As one who has awakened from spiritual abuse, I feel the great need to share my story in order that others may have the space and the place to voice their experiences and begin to heal. My hope in sharing these signs of spiritual abuse is that we may be able to uncover and recover from the misuse of religion and church and transform religion and church into a vehicle by which hurt and pain are healed not inflicted.
To that end, here are some signs of spiritual abuse that may help you as you are ministering to those who have experienced spiritual abuse or as you yourself heal from spiritual abuse:
Guilt and Shame: In a culture of spiritual abuse, guilt and shame are used as motivators of allegiance. Individuals who question or challenge the belief system are shamed by religious leaders so that their voices are not heard. With this shame comes guilt. With this guilt comes low self-esteem and the feeling of not being good enough, faithful enough, or devout enough. These are all tools used to maintain power in the hands of those in religious authority.
Anxiety: In a culture of spiritual abuse, there is always someone watching, at least this is what spiritual leaders and authorities tell individuals in that belief system.

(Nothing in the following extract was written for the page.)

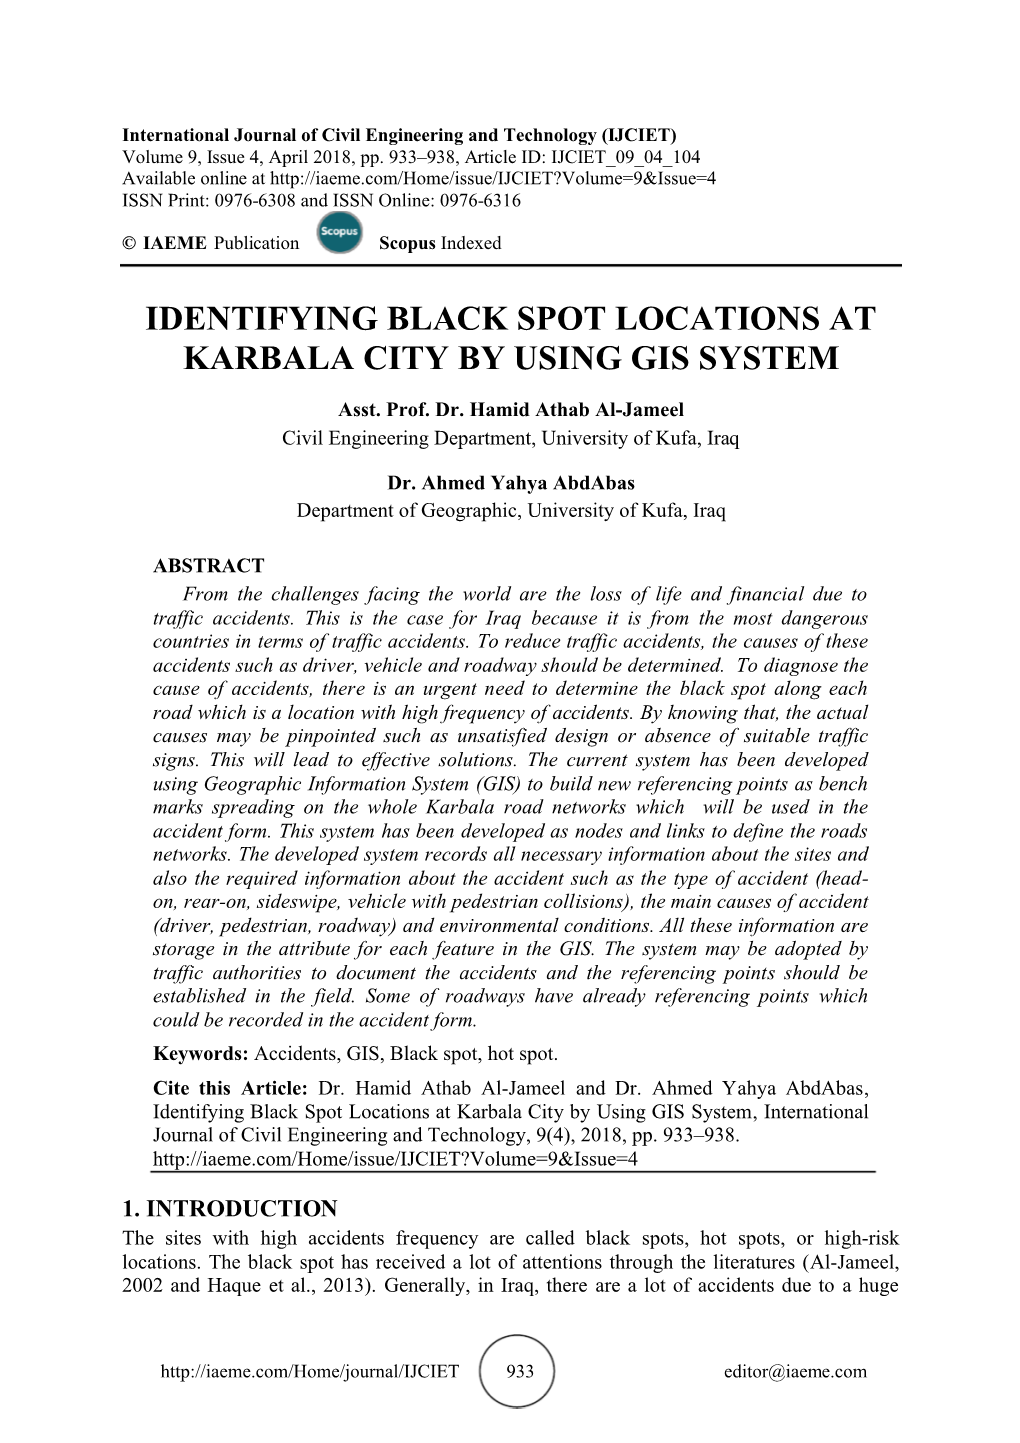 Identifying Black Spot Locations at Karbala City by Using Gis System

This ever-present watchful eye produces anxiety for the individual who is constantly trying to make “the right decision,” in order to be considered good and faithful. This anxiety often leads to extreme indecision because the individual is always looking to the religious leader or authority for “the right answer.”
Pride: In a culture of spiritual abuse, the religious leader or authority has an answer for every situation and every circumstance. The religious leader or authority then teaches these answers and response to his community of faith. Knowing “the right answer” brings pride to the community, but sharing “the right answer” with those who don’t know brings even more pride, so that conversions and re-dedications to “the right answer” are celebrated, counted, and exploited.
Exclusion: In a culture of spiritual abuse, there is a us vs. them subtext that runs through all teaching and preaching. Most often this takes the form of the unbeliever and the believer. Sometimes this takes the form of “the world” and us. These strict dichotomies are dangerous because they do not allow for the individual to be unique. Group normative faith expressions are celebrated and individual expressions of faith are guilted and shamed.